Research Interests

I am interested in theoretical and computational methods in geometry and their applications to problems in computer graphics and digital geometry processing.

My research focuses on better understanding and representing shape, and developing novel methods for preserving shape under large deformations.

In particular, I have published papers on the following applications: interactive shape and image deformation, bounded distortion mappings, surface and volume parameterization, generalized barycentric coordinates, shape interpolation and animation, and computation of geodesics on manifolds. Three of my papers received the best paper award from the Eurographics Association, as did my Ph.D. thesis. 17 of my papers have been published in ACM Transactions on Graphics, the foremost peer-reviewed journal in computer graphics.

My research draws heavily on various mathematical fields such as differential geometry, topology, complex and harmonic analysis, conformal geometry, and linear algebra. I adapt mathematical concepts from the smooth to the discrete case, where computational methods can be applied to solve real-world problems.

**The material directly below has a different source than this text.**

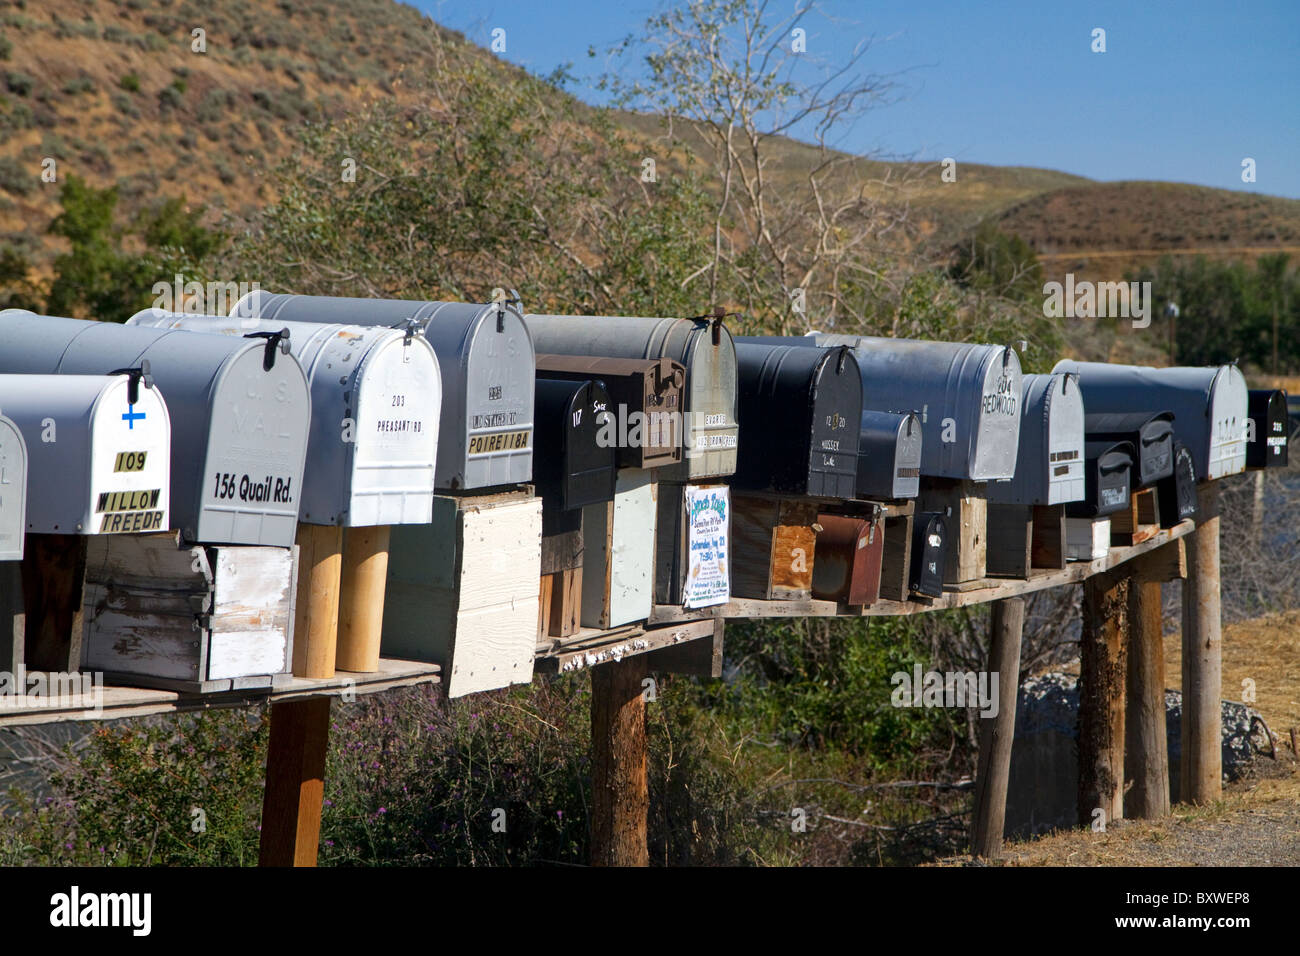 Cassette postali schierate per la consegna della posta in una zona rurale vicino Challis, Idaho, Stati Uniti d'America. Foto Stock

A major challenge is to design efficient and accurate numerical methods to solve the underlying optimization problems, which are often nonconvex. My recent research efforts have been to reduce such hard problems to convex or near-convex problems by applying a sophisticated change of variables or by decomposing the problem into smaller problems that are easier to solve.

In addition, I am enthusiastic about highly efficient general-purpose computations on parallel architectures, where many of my works use modern graphics processing units (GPU) to accelerate computations.